• [Work to be completed] Drop the images; return everything else in the listing below exactly.

• [Information provided]

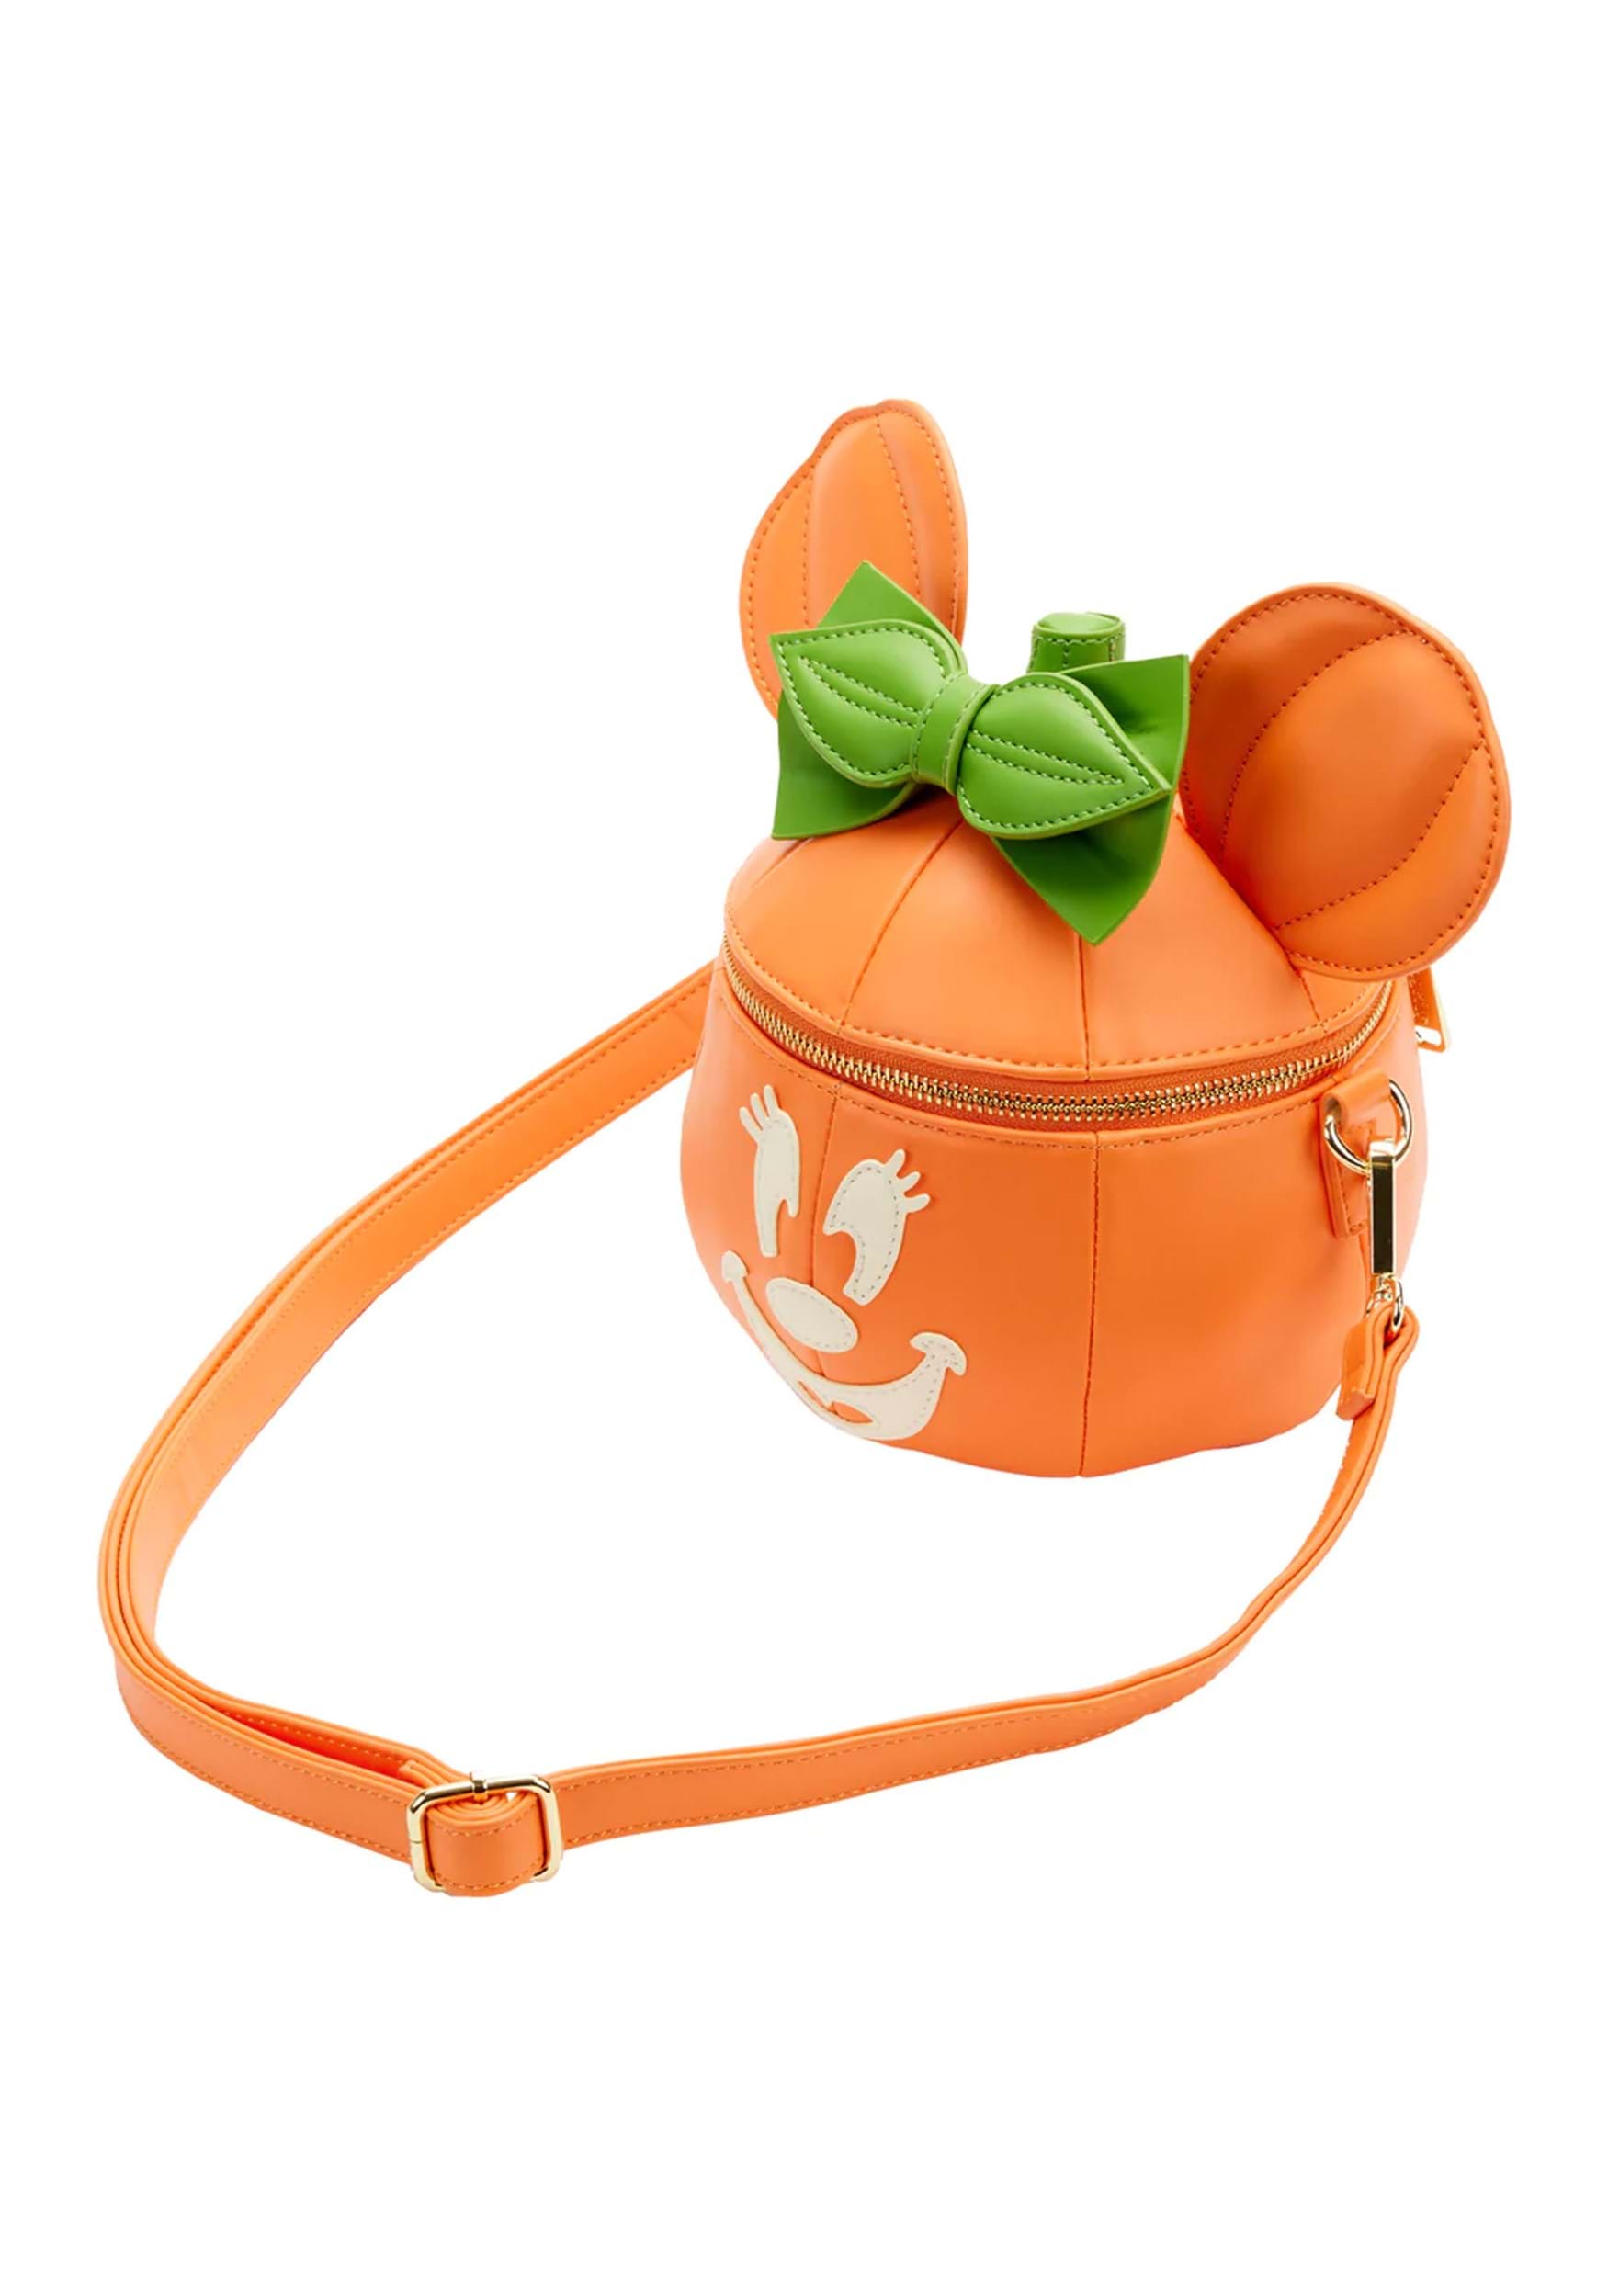 Disney Bag, Cross Body, Minnie Mouse Halloween Witch with Orange
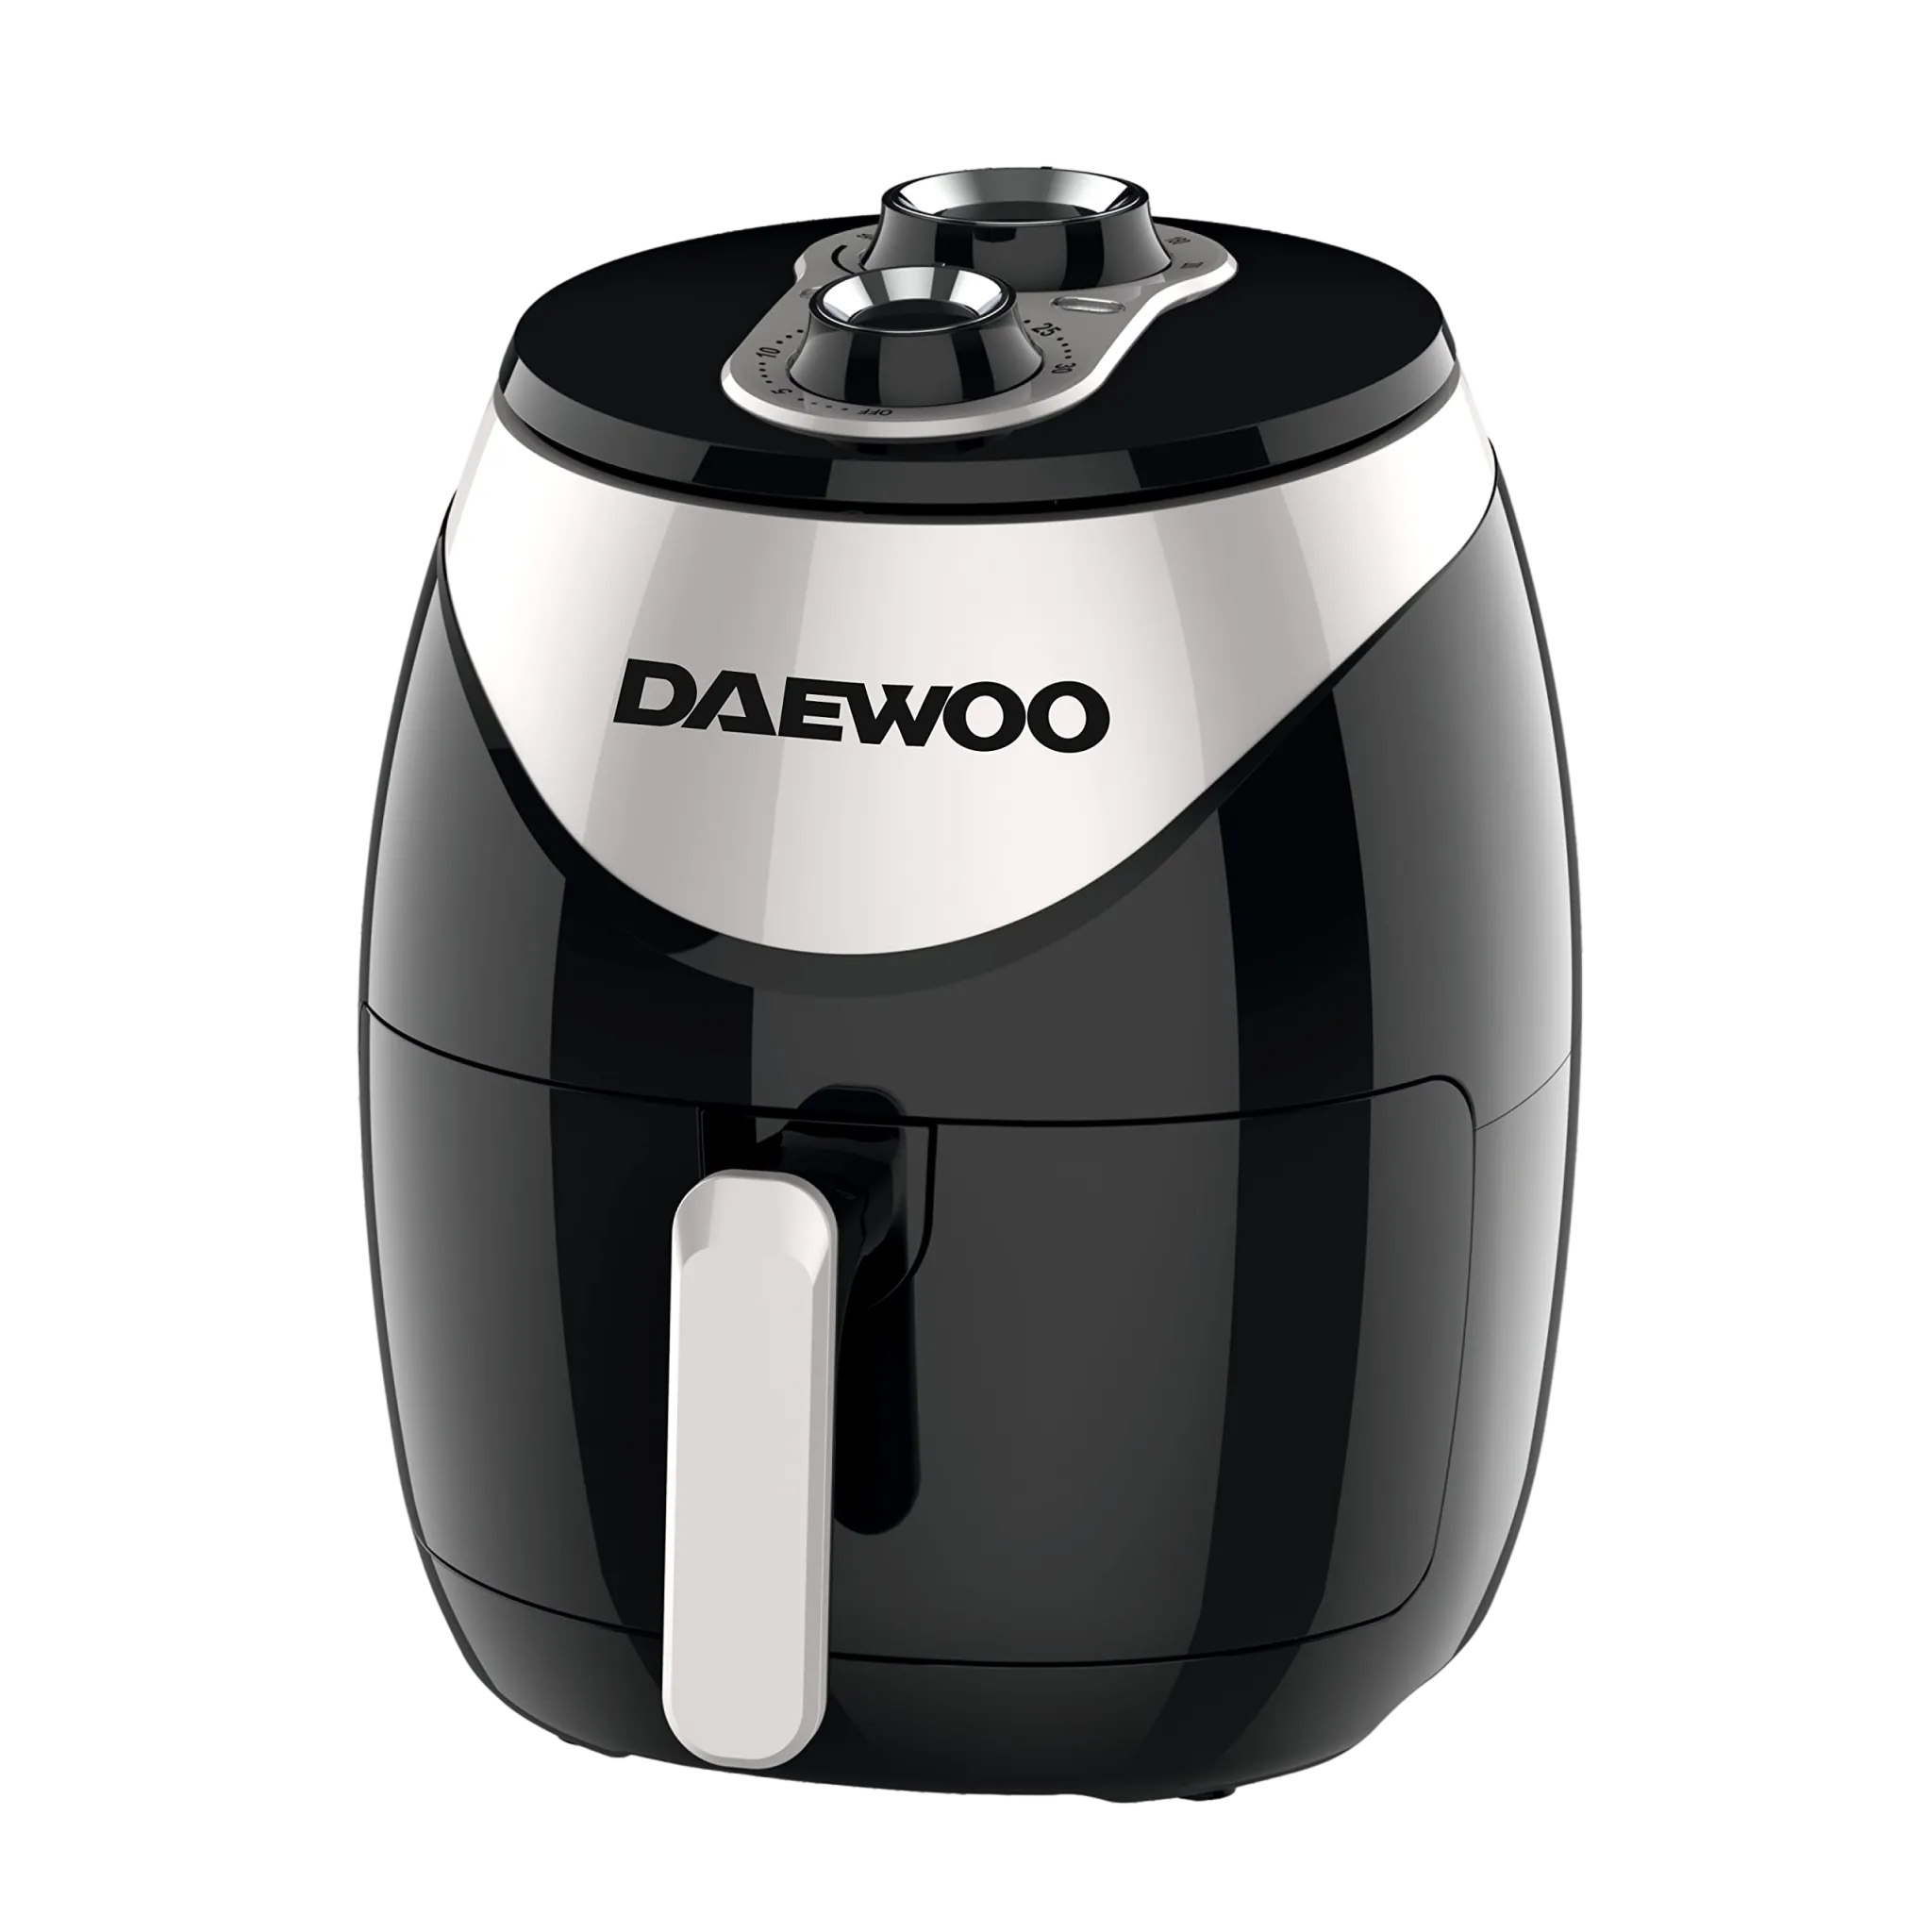 Daewoo 4 Liter Air Fryer with Rapid Air Circulation Technology 1500W Korean Technology DAF8017 Black/Silver - 2 Years Warranty
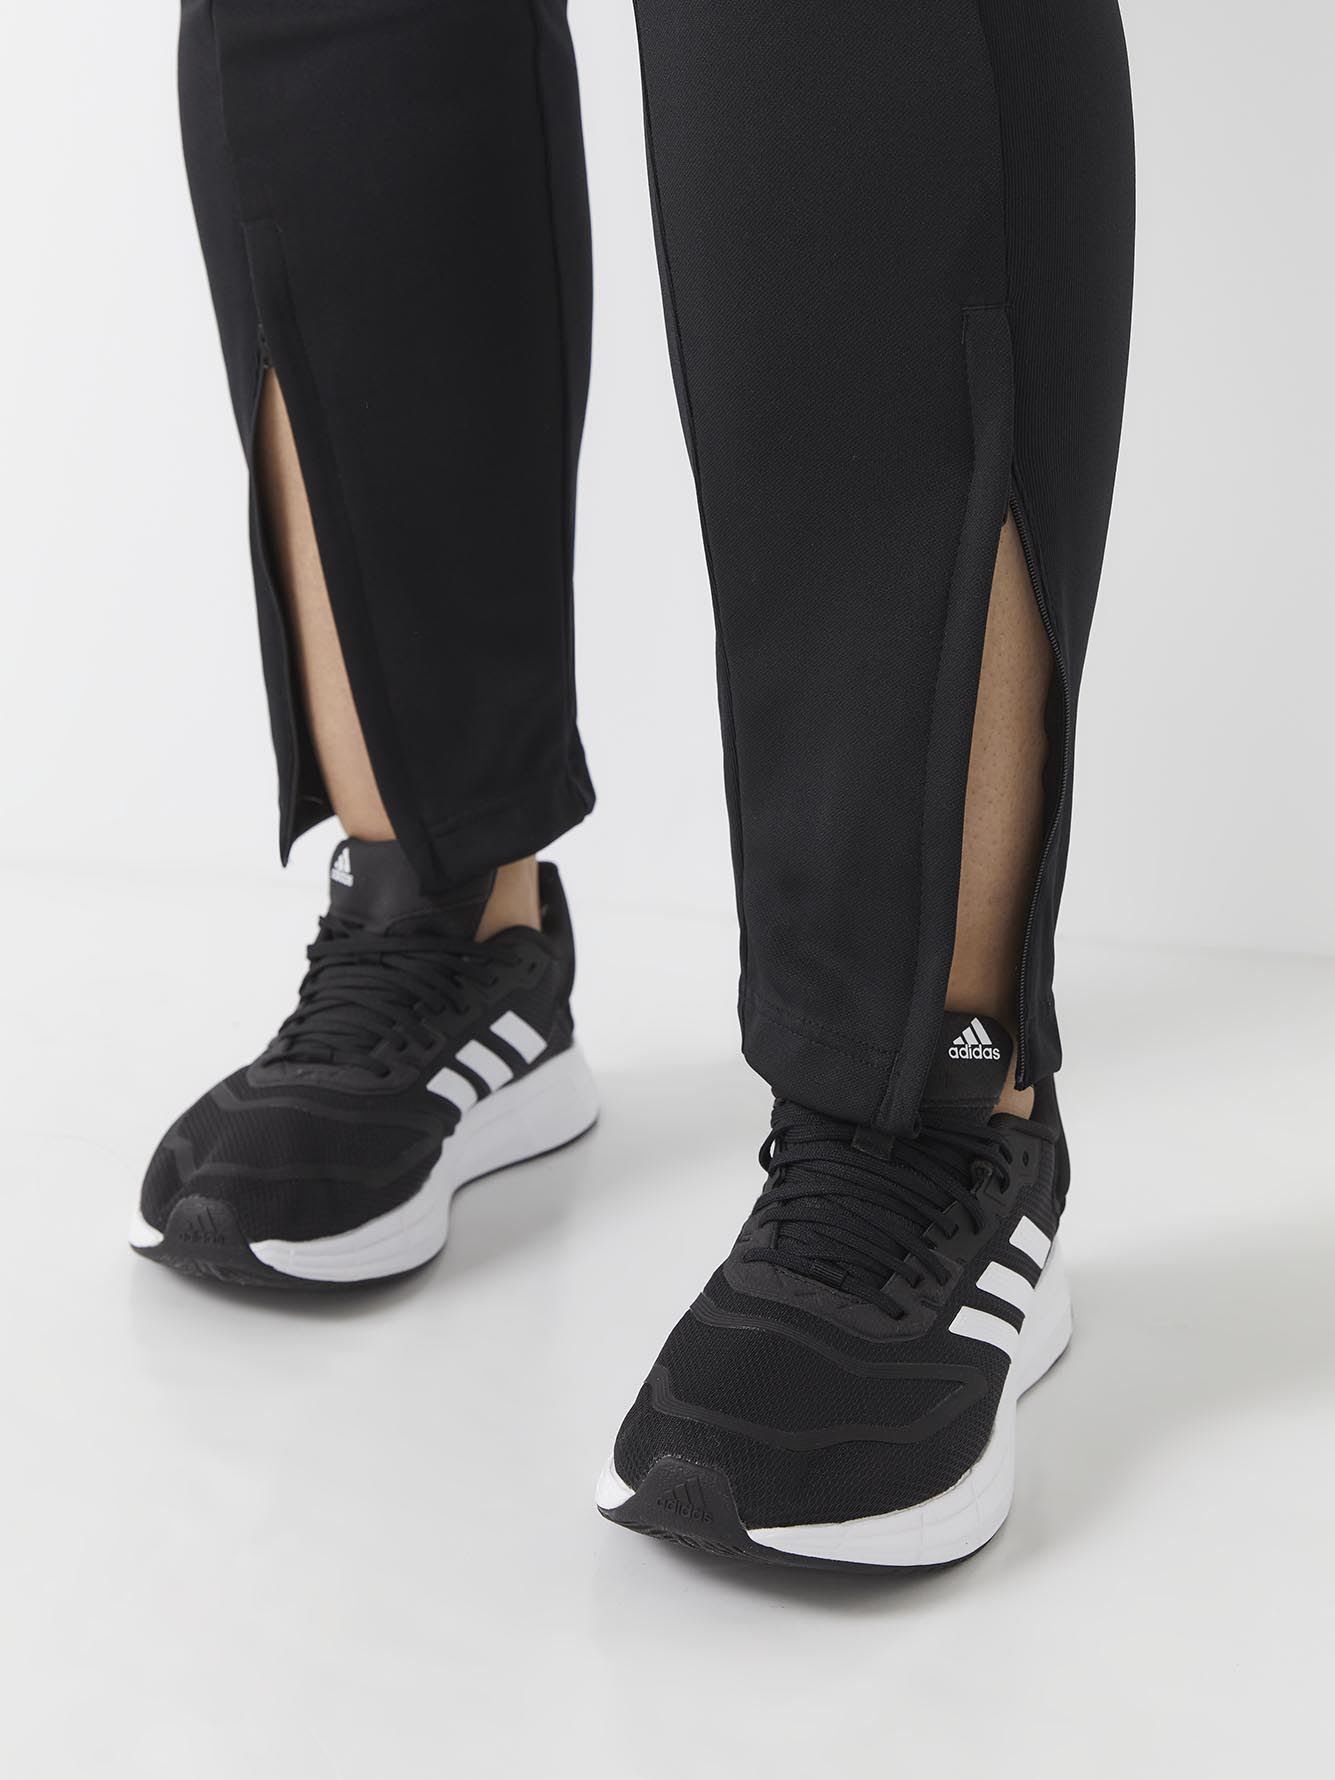 Pantalon de jogging Aeroready Sereno ajusté, tissu responsable - adidas

• [The answer]
 Disney Bag, Cross Body, Minnie Mouse Halloween Witch with Orange
 Daewoo 4 Liter Air Fryer with Rapid Air Circulation Technology 1500W Korean Technology DAF8017 Black/Silver - 2 Years Warranty
 Pantalon de jogging Aeroready Sereno ajusté, tissu responsable - adidas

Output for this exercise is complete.